東京オリンピックで「ユニタード」に衝撃を受けた

――4歳で体操をはじめた杉原さんにとっては、ハイレグのレオタードを着ることはずっと当たり前だったと思うのですが、いつ頃から違和感を覚えるようになったのでしょう?
 
 子どもの頃から、レオタードから下着が見える・見えない問題はありました。練習中はレオタードの上にショート丈のスパッツを穿いているので気になりませんが、試合の時は友達とチェックし合っていました。

 違和感というか、ちょっといやだなと思うようになったのは生理が始まってからです。
生理中に試合が重なった時は、下着からナプキンが見えていないか、不安やストレスを感じるようになりました。でも「これしかないから、しょうがない」という感覚だったんです。

――そこから大きく一歩踏み出して「アイタード」を開発されたのは、何かきっかけがあったのでしょうか?

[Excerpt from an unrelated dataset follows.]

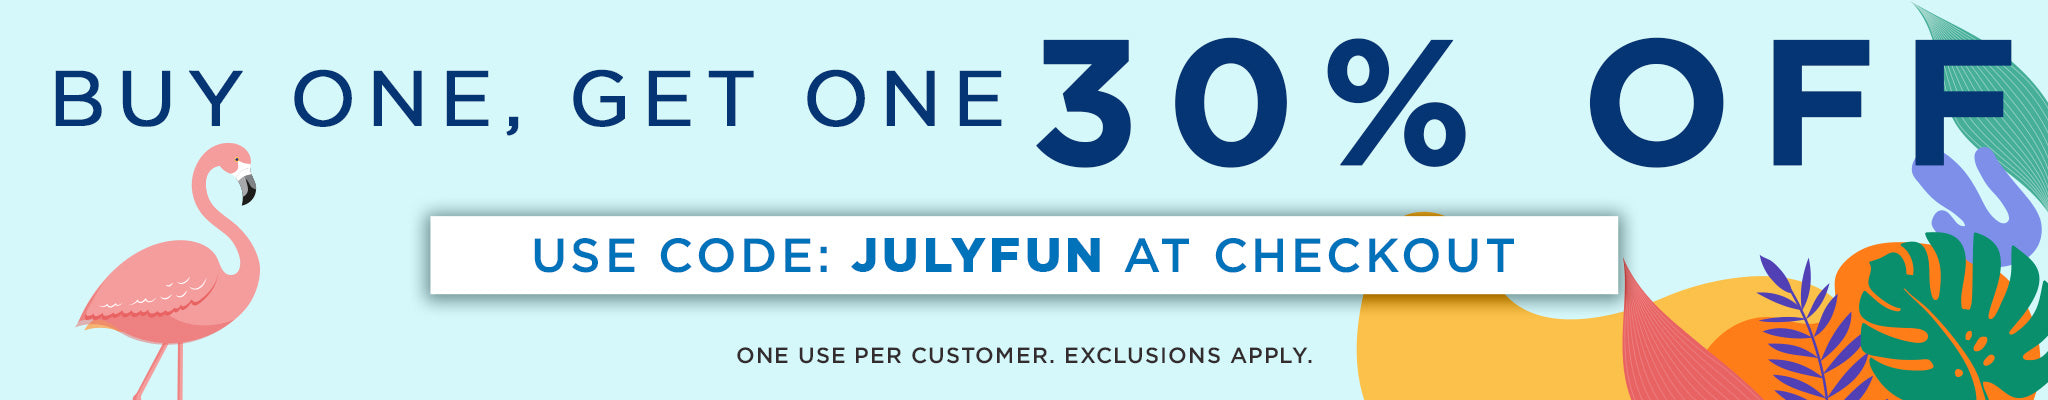 Buy One, Get One 30% OFF | Use Code: JULYFUN at checkout | One use per customer. Exclusions apply.

 東京オリンピックで、ドイツの選手たちが足首まで覆われた「ユニタード」を着ているのを見た時に、そんな選択肢もあったのかと衝撃を受けました。

――確かにユニタードは衝撃的でしたね。盗撮被害を減らす上でも、効果的なのではと話題になりました。

 ただ、私はユニタードを選択しませんでした。理由としては、普段の練習では手が直接肌に触れているのに、試合でいきなり感覚が変わることで、宙返りや、太腿の後ろを持ったり、膝を持ったりする時に、滑ってしまいそうで不安があったからです。

 アイタードの開発に繋がったきっかけは、体操教室にお子さんを通わせている保護者の方から、「(性的な視線から守るために)自分の娘にレオタードを着せたくない」という声を聞いたり、「『そういう目で見てるんだろう』と言われるから、ファンであることを公言できない」という男性の体操ファンがいると知ったことです。

 子どもの頃から体操界にいる私としては、レオタードに憧れて体操をはじめるものだと思い込んでいたところもあったので、こうした外からの声はショックでした。

 そこから、練習着のようにレオタードとショート丈のスパッツが一体化したユニフォームがあったらいいよね、という議論になり、「アイタード」が生まれました。